Post-menopausal women who have either seen relatives develop breast cancer at a
younger age or several relatives develop it will be able to access the treatment. The
NHS says that in the first instance they should visit their GP, who may refer them to
a breast cancer or family history clinic.

Anastrozole is known as an aromatase inhibitor. It works by reducing the amount of


the hormone oestrogen that a woman’s body makes by blocking the enzyme
aromatase.

NHS England is able to offer the drug because the Medicines and Healthcare
products Regulatory Agency has licensed it to be used as a preventative medicine.
“Allowing more women to live healthier lives, free of breast cancer, is truly
remarkable, and we hope that licensing anastrozole for a new use today represents
the first step to ensuring this risk-reducing option can be accessed by all who could
benefit from it,” said Pritchard.

Experts in the disease hope the drug’s availability will prompt at-risk women to take
it. “The extension of anastrozole’s licence to cover it being used as a risk-reducing
treatment is a major step forward that will enable more eligible women with a
significant family history of breast cancer to reduce their chances of developing the
disease,” said Baroness Delyth Morgan, chief executive of the charity Breast Cancer
Now.

Dr David Crosby, head of prevention and early detection at Cancer Research UK,
said: “Approaches to help prevent breast cancer at high risk are badly needed, so
this is a welcome announcement.

“We carried out some of the key work on developing these kinds of drugs, known as
aromatose inhibitors, and 10 years ago our clinical trial showed that anastrozole
could halve the risk of some women developing breast cancer, with minimal side-
effects.”

Anastrozole is the first product of the pioneering Medicines Repurposing


Programme, under which a consortium of key health bodies are examining the
potential of existing drugs to be used for different purposes.

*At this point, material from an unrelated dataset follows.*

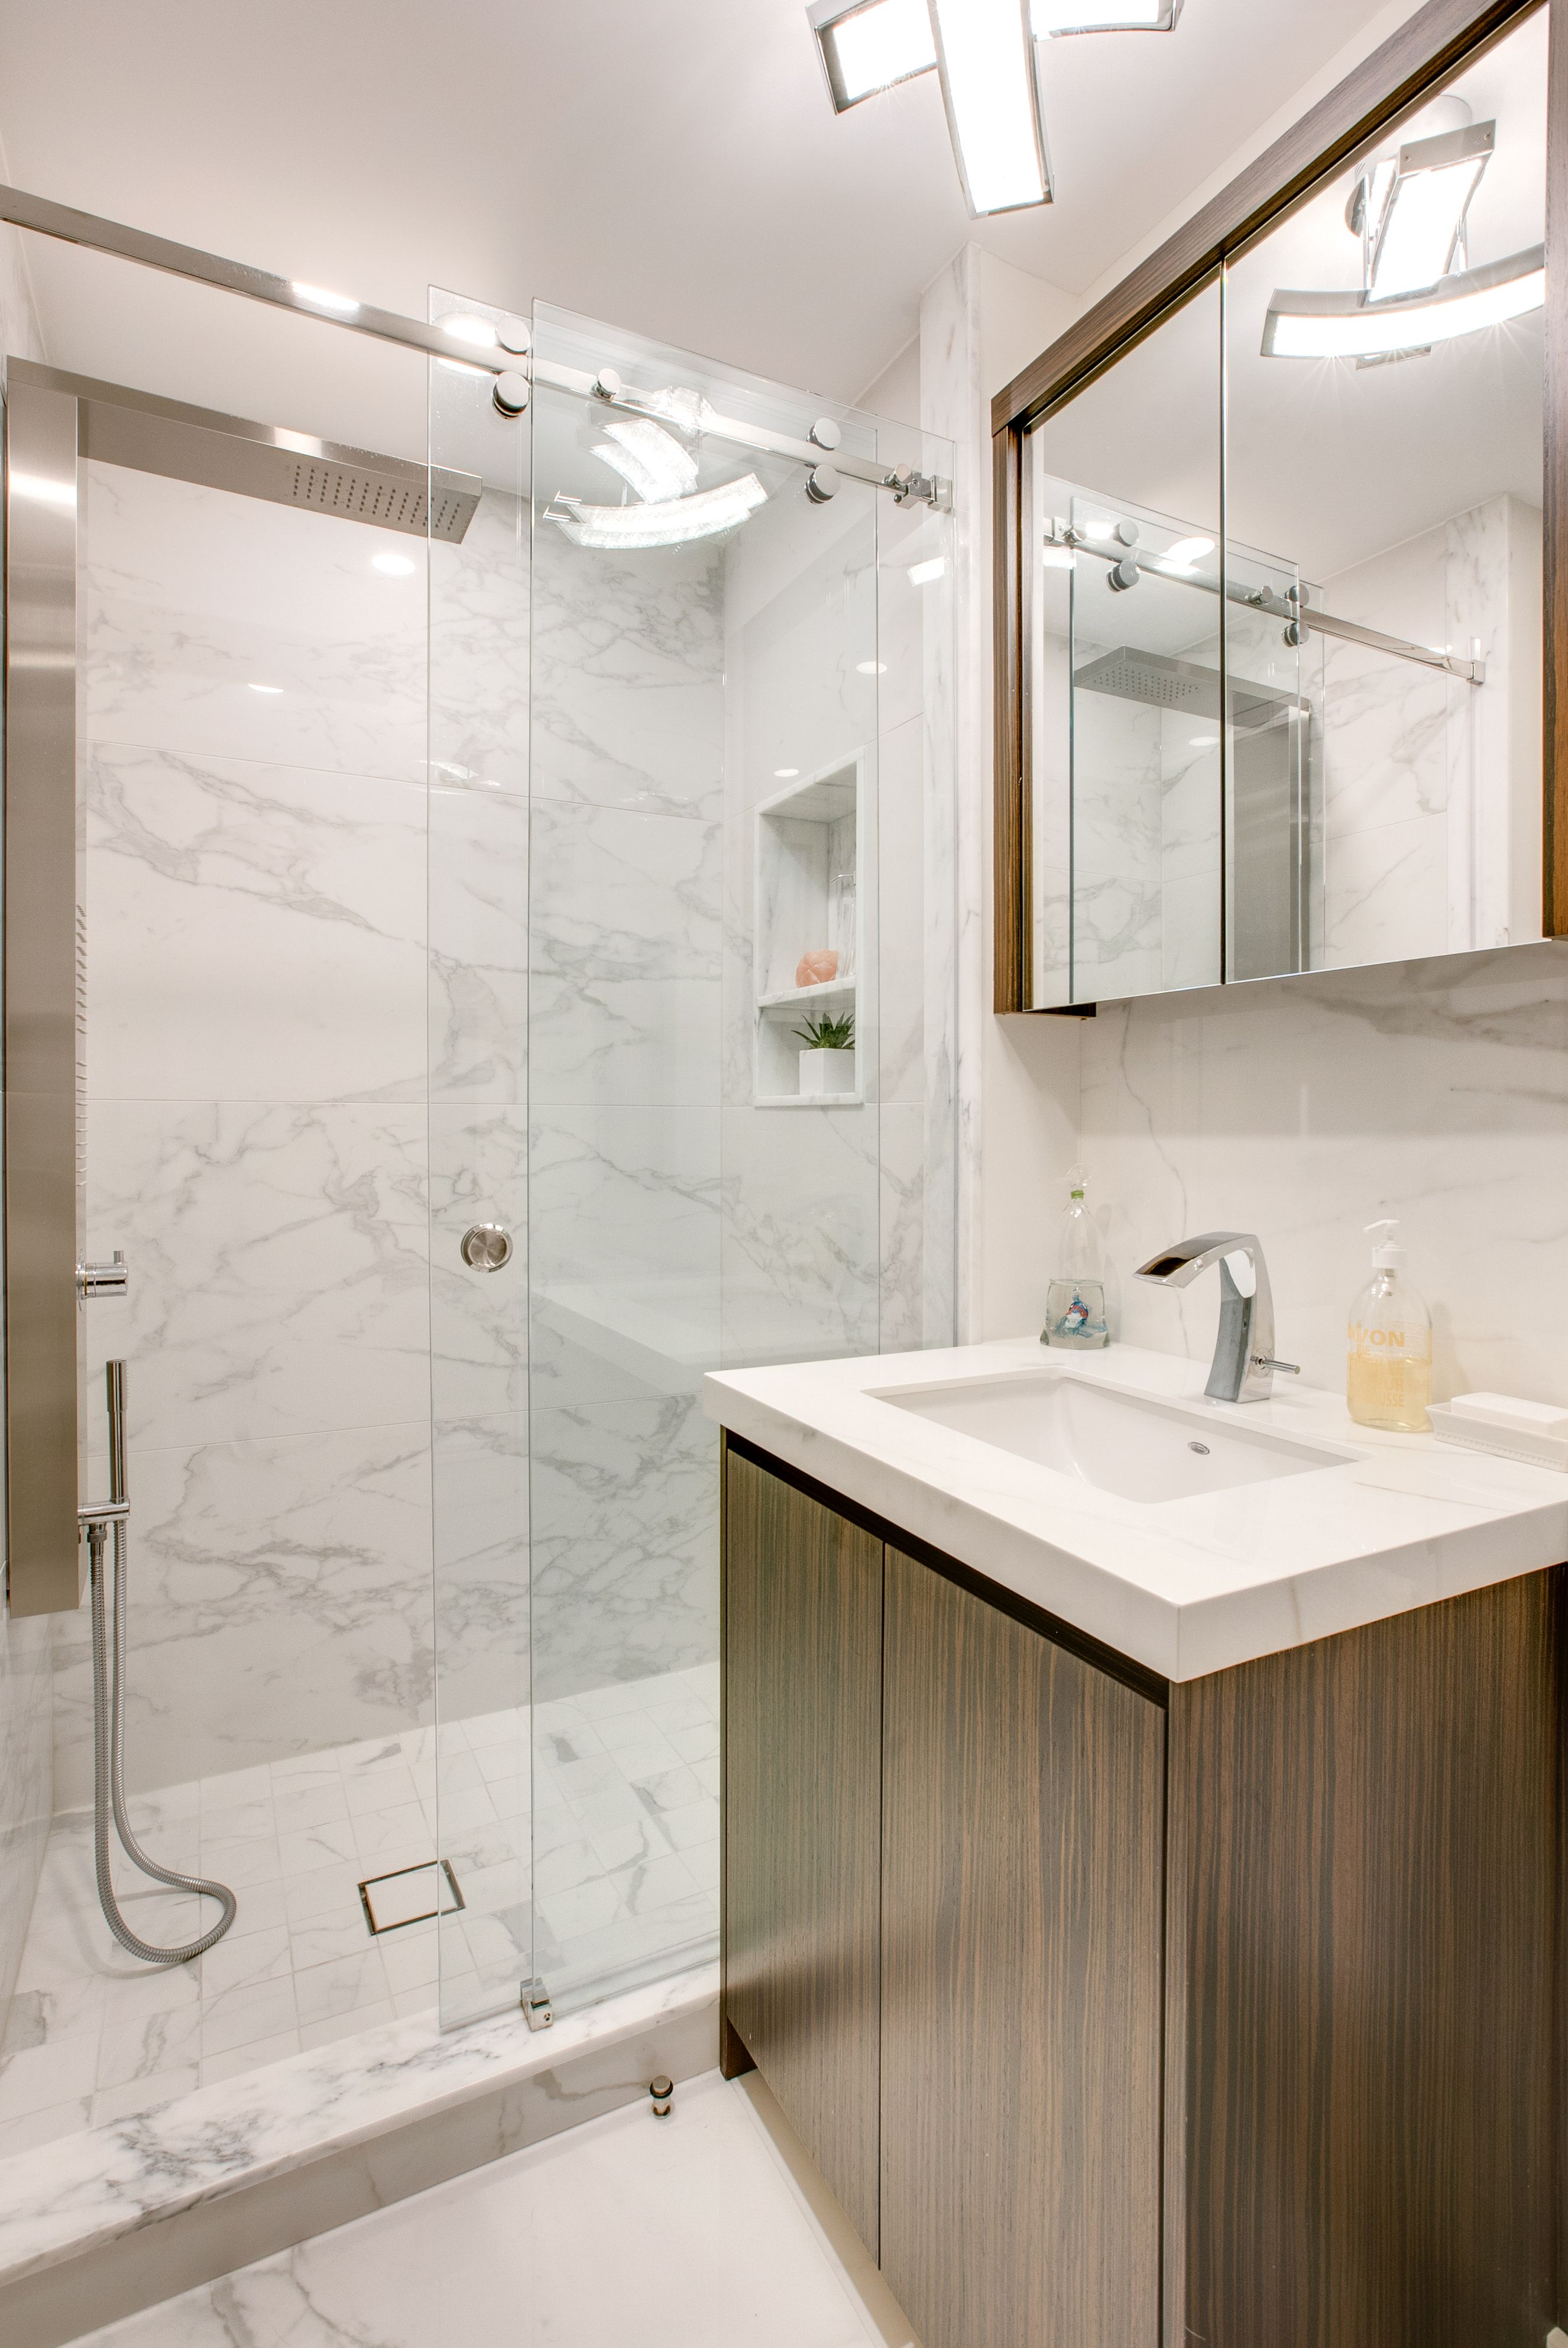 Graff Sento 8 Faucet Aquamassage Shower Systems And Dxv Sink Bathroom Interior Design Bathroom Shower Panels Elegant Bathroom

When that approach was adopted during the pandemic, it led to tocilizumab, an
arthritis drug, and dexamethasone, a steroid, being deployed as treatments for
Covid-19.

Meanwhile, women with vaginal bleeding who may have womb cancer could in
future be spared having a potentially painful surgical biopsy thanks to a new test
developed by a leading expert in women’s cancer.

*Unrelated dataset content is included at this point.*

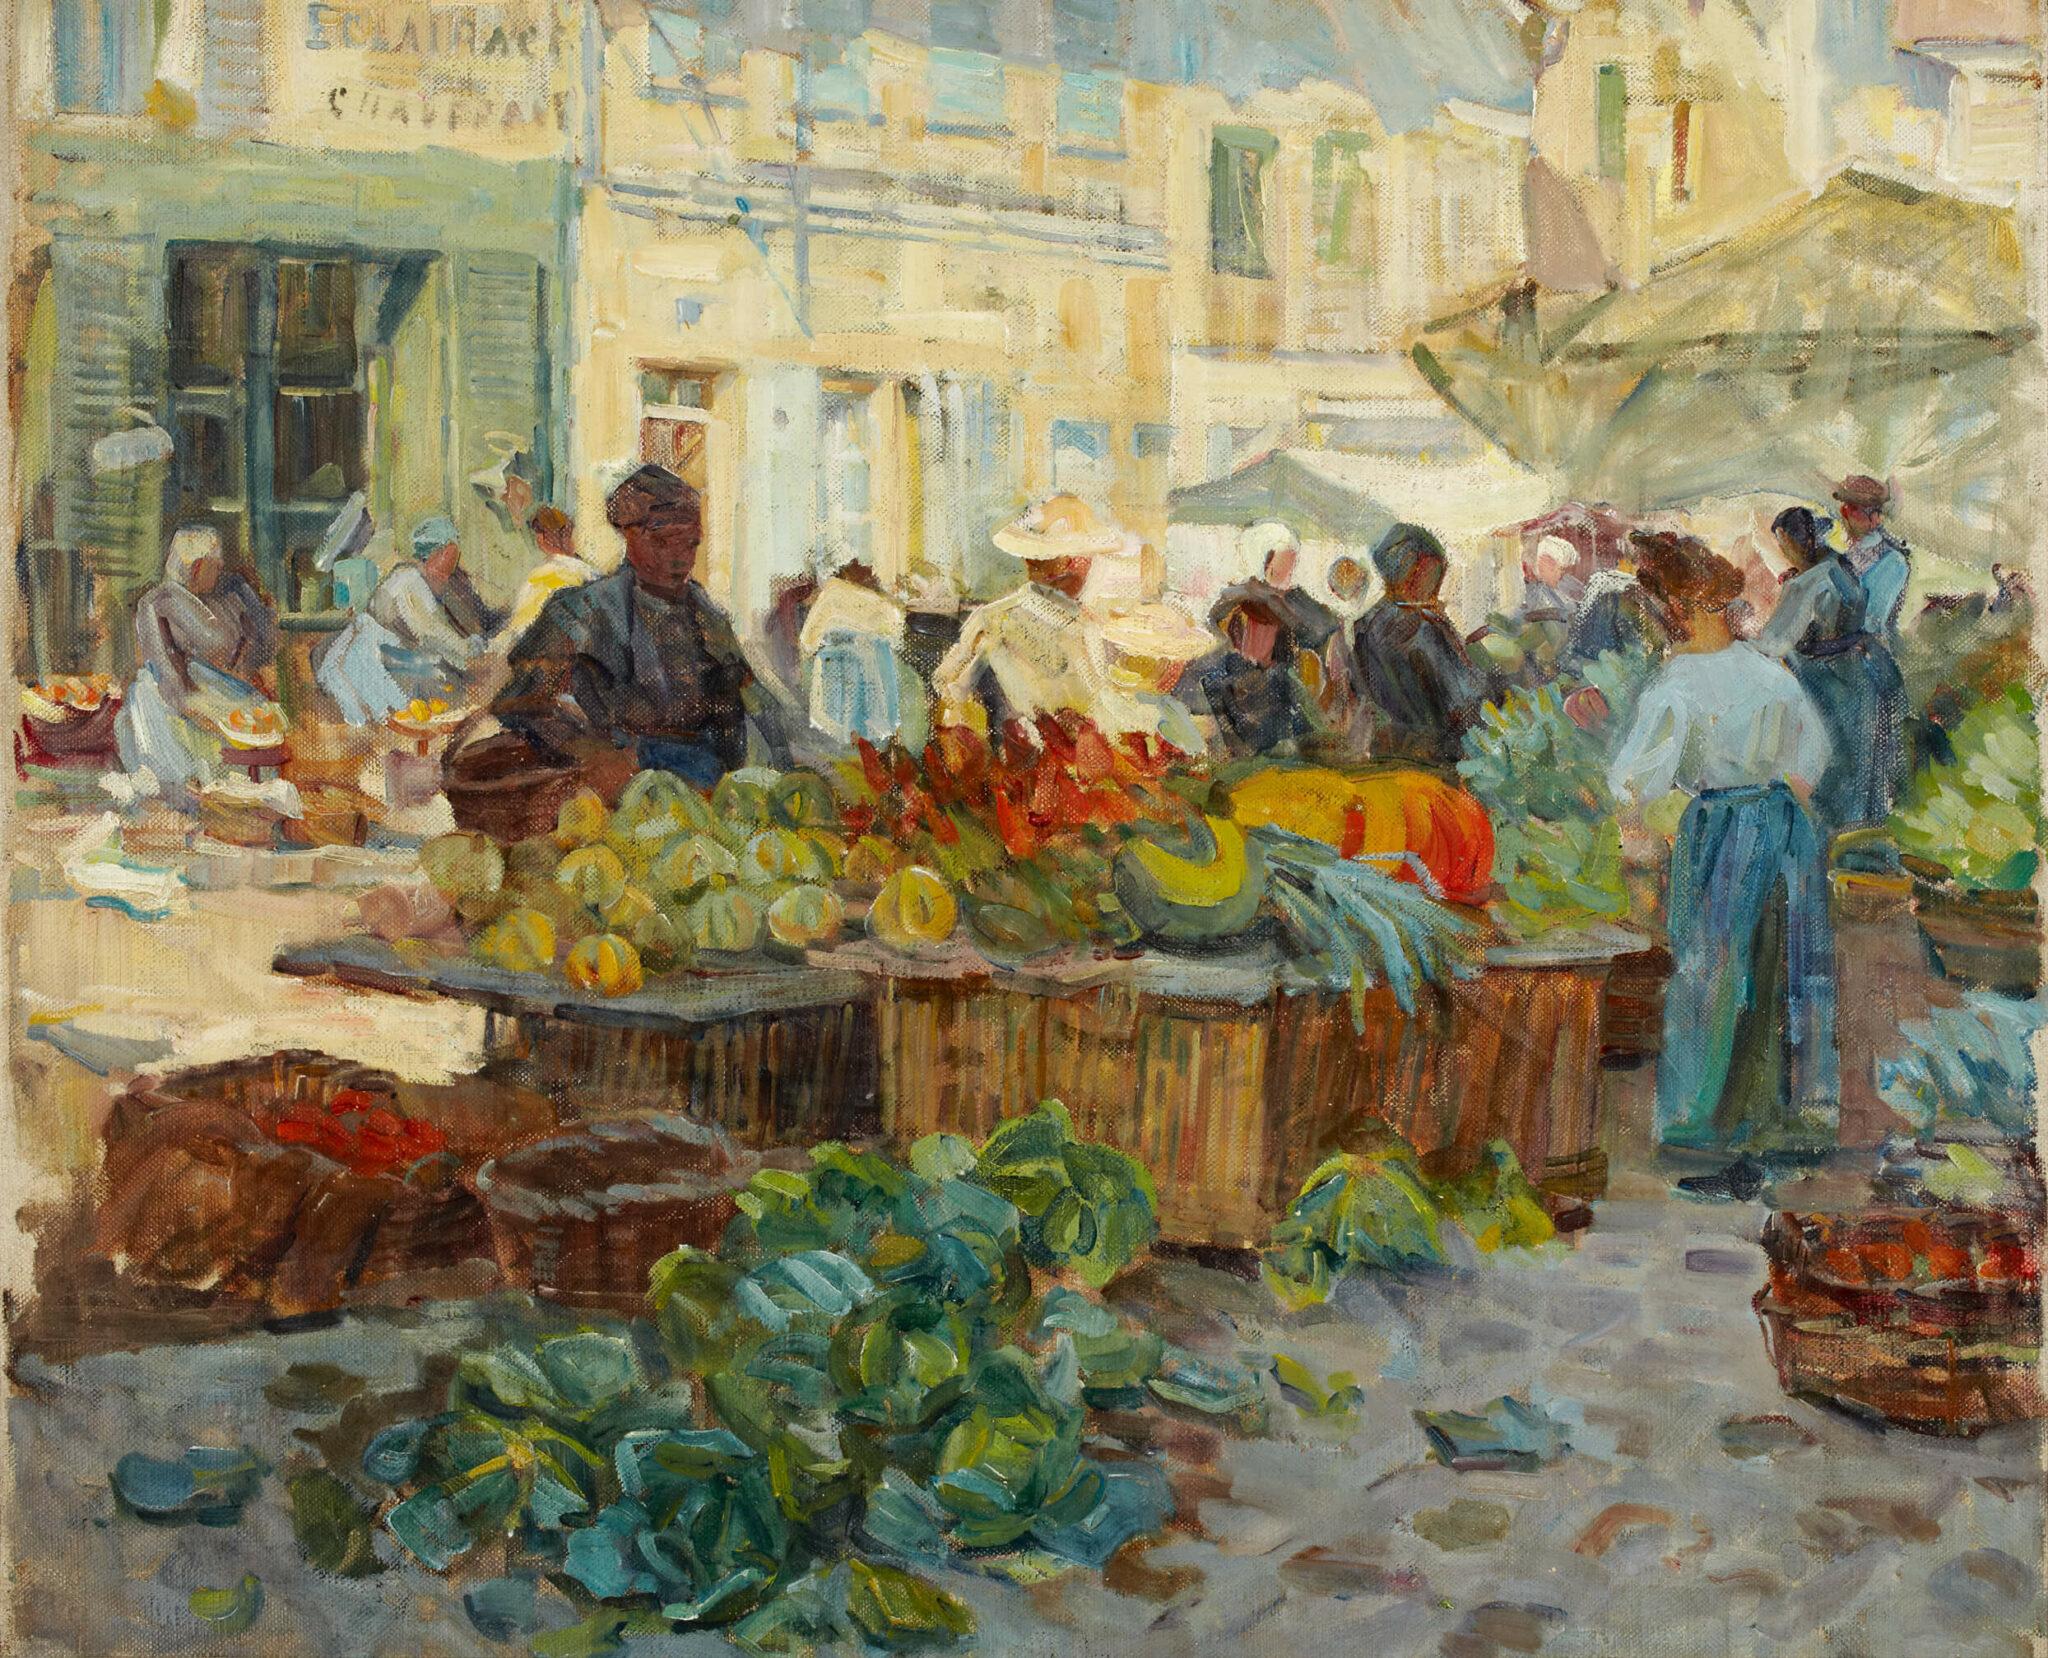 Helen McNicoll, Marketplace, 1910

The WID-qEC test, developed by Prof Martin Widschwendter of University College


London, is more accurate than imaging at ruling out womb cancer. It could save
90% of women who are undergoing or have just been through the menopause from
having a biopsy to diagnose the disease or rule it out, according to the results of
research co-funded by the charity Eve Appeal and published in the Lancet Oncology.
The test will be commercially available in Austria and Switzerland from early 2024
and could become available in the UK soon afterwards, said Widschwendter.

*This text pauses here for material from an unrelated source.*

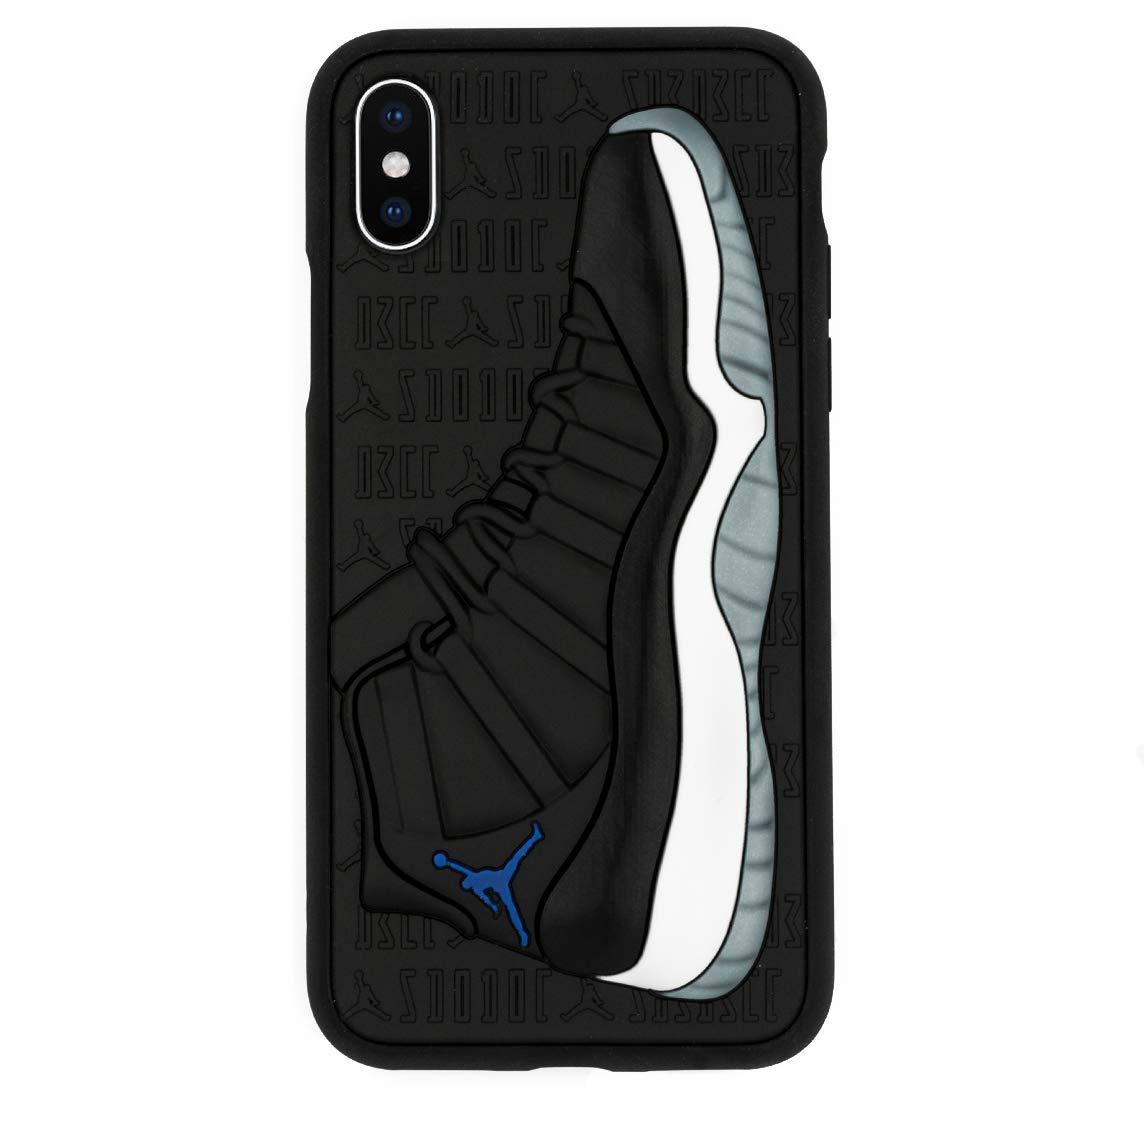 Funda iPhone X Modelo Jordan 11s 3d Textured [7h3gr9ds]

Athena Lamnisos, the Eve Appeal’s chief executive, said many women who have a
hysterectomy and biopsy when they are investigated for abnormal bleeding find it
“extremely painful” and then face an “agonising” wait to get the result.

“Saving thousands of women from needing to go through the pain of tests and
speeding up the wait before cancer being ruled out or diagnosed and starting
treatment is very welcome progress,” she added.